Whenever one member of our family starts seething, another one of us will usually ask, Okay… What’s the real problem?
Sometimes it takes a little more probing, but when we eventually figure out the actual reason for the upset, the tension level decreases almost immediately. Or in some cases, the emotion is redirected toward the primary cause, instead of something or someone who happens to be available (or in the way).
A fellow blogger wrote about a recent less-than-enjoyable trip she took to a reunion with her family. The humidity was so bad her hair frizzed uncontrollably. She had a choice to make.
My hair was a mess, but that’s no reason to be a grouch. I just pretended I was gorgeous.
Her relatives might remember her wild hair, but more likely they were blessed by her confidence, humor, lively conversation, well-behaved kiddos, her obvious love for her spouse, and a genuine “pleased to meet you” when introduced for the first time to his side of the family.

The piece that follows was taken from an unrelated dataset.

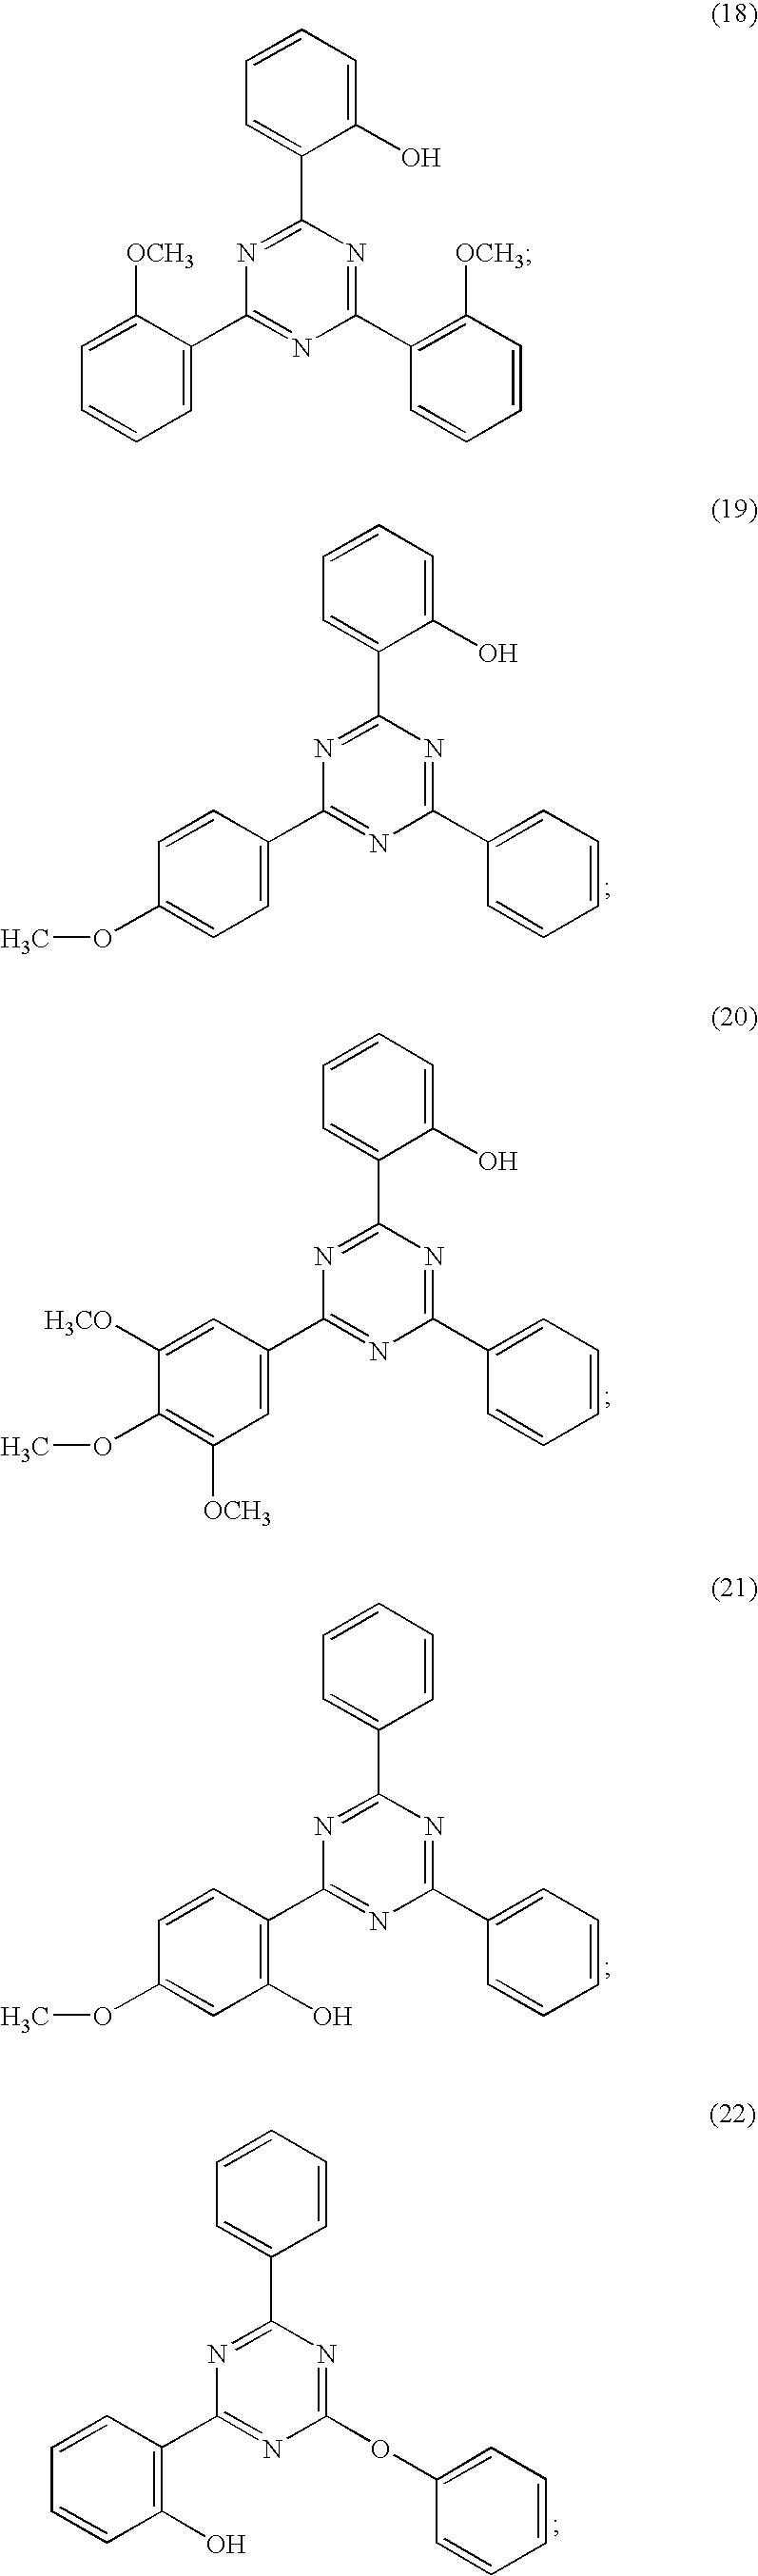 Figure US09669243-20170606-C00033
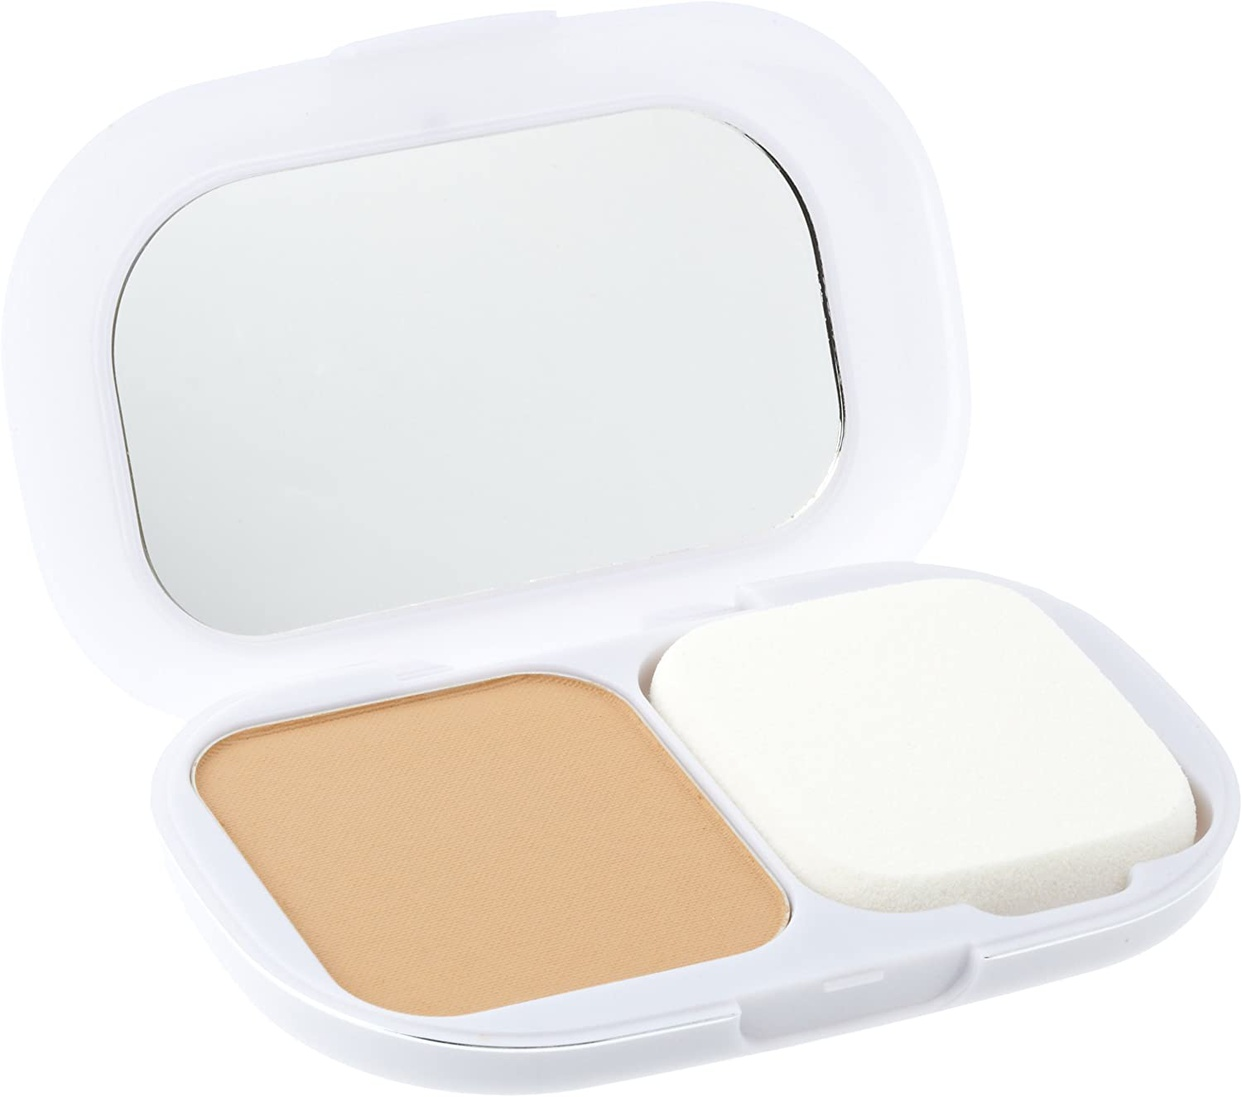 KOSÉ(コーセー) ノア UV ホワイト パウダーファンデーションEXの商品画像

Her attitude changed her presentation.
God is a Master at:
transforming hum-drum into something beautiful,
turning impossibilities into victories,
using average individuals and everyday objects to accomplish extraordinary purposes!
I just need to cooperate by believing He can and He will… by thinking His thoughts whenever faced with a challenge… instead of giving in to a D.R.A.
Finally, brethren, whatever things are true, whatever things are noble, whatever things are just, whatever things are pure, whatever things are lovely, whatever things are of good report, if there is any virtue and if there is anything praiseworthy—meditate on these things. – Philippians 4:8
Yeah, life can get pretty messy at times, but the real mess exists within my mind when I allow my fallen nature to persuade me of anything other than the truth.
What am I thinking? Could I be more grateful? Can I remember what God has done in the past? Don’t I believe He will prove Himself faithful again? And where’s the worship (when I complain)?
With a change of perspective, my countenance reflects the Spirit’s goodness rather than my growl-y-ness. These difficulties, this chaos, my self-imposed predicaments (or not) are all temporary.
But how I handle them has a profound impact on everyone I come into contact with, on my perception of the world around me, and in my daily walk with Him.